Sentado en las rodillas de mi abuela oí las primeras historias de árboles y piedras que dialogan entre sí con los animales y con la gente. Nada más, me decía, hay que aprender a interpretar sus signos y a percibir sus sonidos, que suelen esconderse en el viento… Así me digo y les estoy diciendo en mi poema Kallfv Pewma mew Sueño Azul

Las voces, los sonidos, las imágenes de mi infancia son las que –me parece– permanecen con mayor nitidez en mi memoria.
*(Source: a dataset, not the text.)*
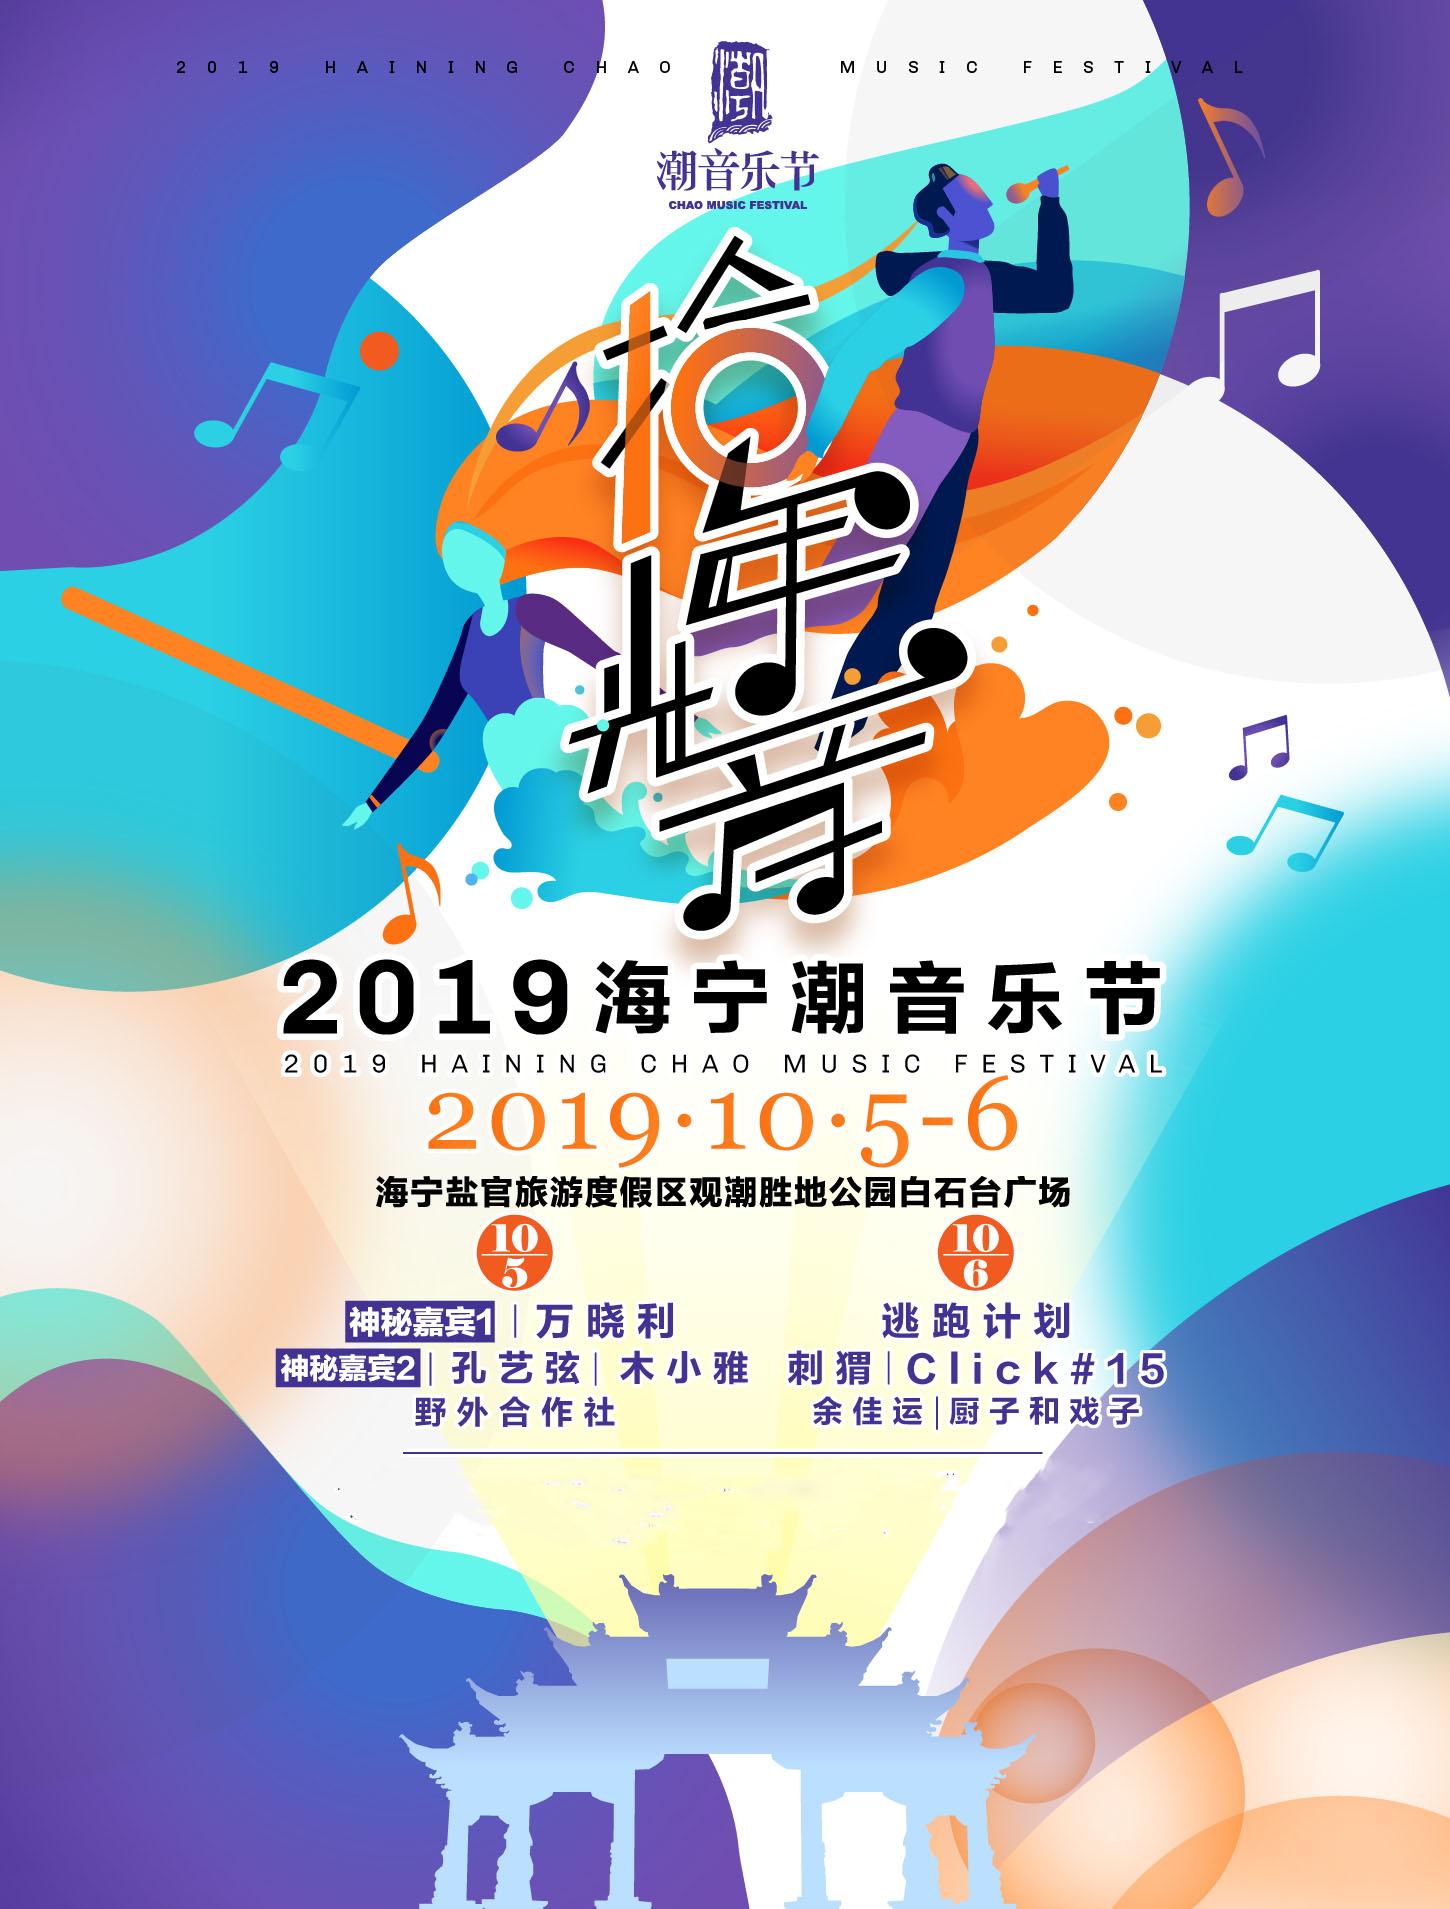 2019海宁潮音乐节 嘉兴站

Me emociona con frecuencia la clara sensación de libertad y ternura de esos días, rodeados por las y los integrantes de nuestra numerosa familia, incluidos tías, tíos, primas, primos (algunos aparecían y desaparecían en diferentes lapsos de tiempo) y también por otras personas –familiares o no– que llegaban de visita o, simplemente, porque debido a los más diversos motivos habían sido acogidas por mis padres y mis abuelos. Entre ellos recuerdo a Hipólito, azadón al hombro, cantando: «Las campanas del rosario, por qué no repicarán…». El fuego de nuestra ruka estaba siempre encendido. Por las noches se cubría con una delgada capa de ceniza (de la Luna, decían). Las llamas del fogón representan las llamas del Sol que nunca deben apagarse para que continúe la vida en la Tierra

Con cierta frecuencia –sobre todo por las tardes– nos gustaba columpiarnos sentados en el extremo de una rama de coigüe o sobre una tabla amarrada a un cordel que pendía del castaño. Pvllchvwkantun se dice columpiarse. A veces mi hermano y hermanas mayores organizaban juegos a los que nos «invitaban» a participar, a mi hermano Carlitos y a mí. Jugábamos al awarkuzen el juego de las habas, a las visitas, a las escondidas, al pillarse, al lefkantun carreras a pie desnudo, a las carreras en zancos de coligües, a buscar objetos escondidos entre el pasto o en los huecos de los árboles o entre las raíces de los árboles que habían sido destroncados y se ocupaban como cercos (para nosotros casi todos los lugares eran un awkantuwe espacio de juegos para los niños y niñas)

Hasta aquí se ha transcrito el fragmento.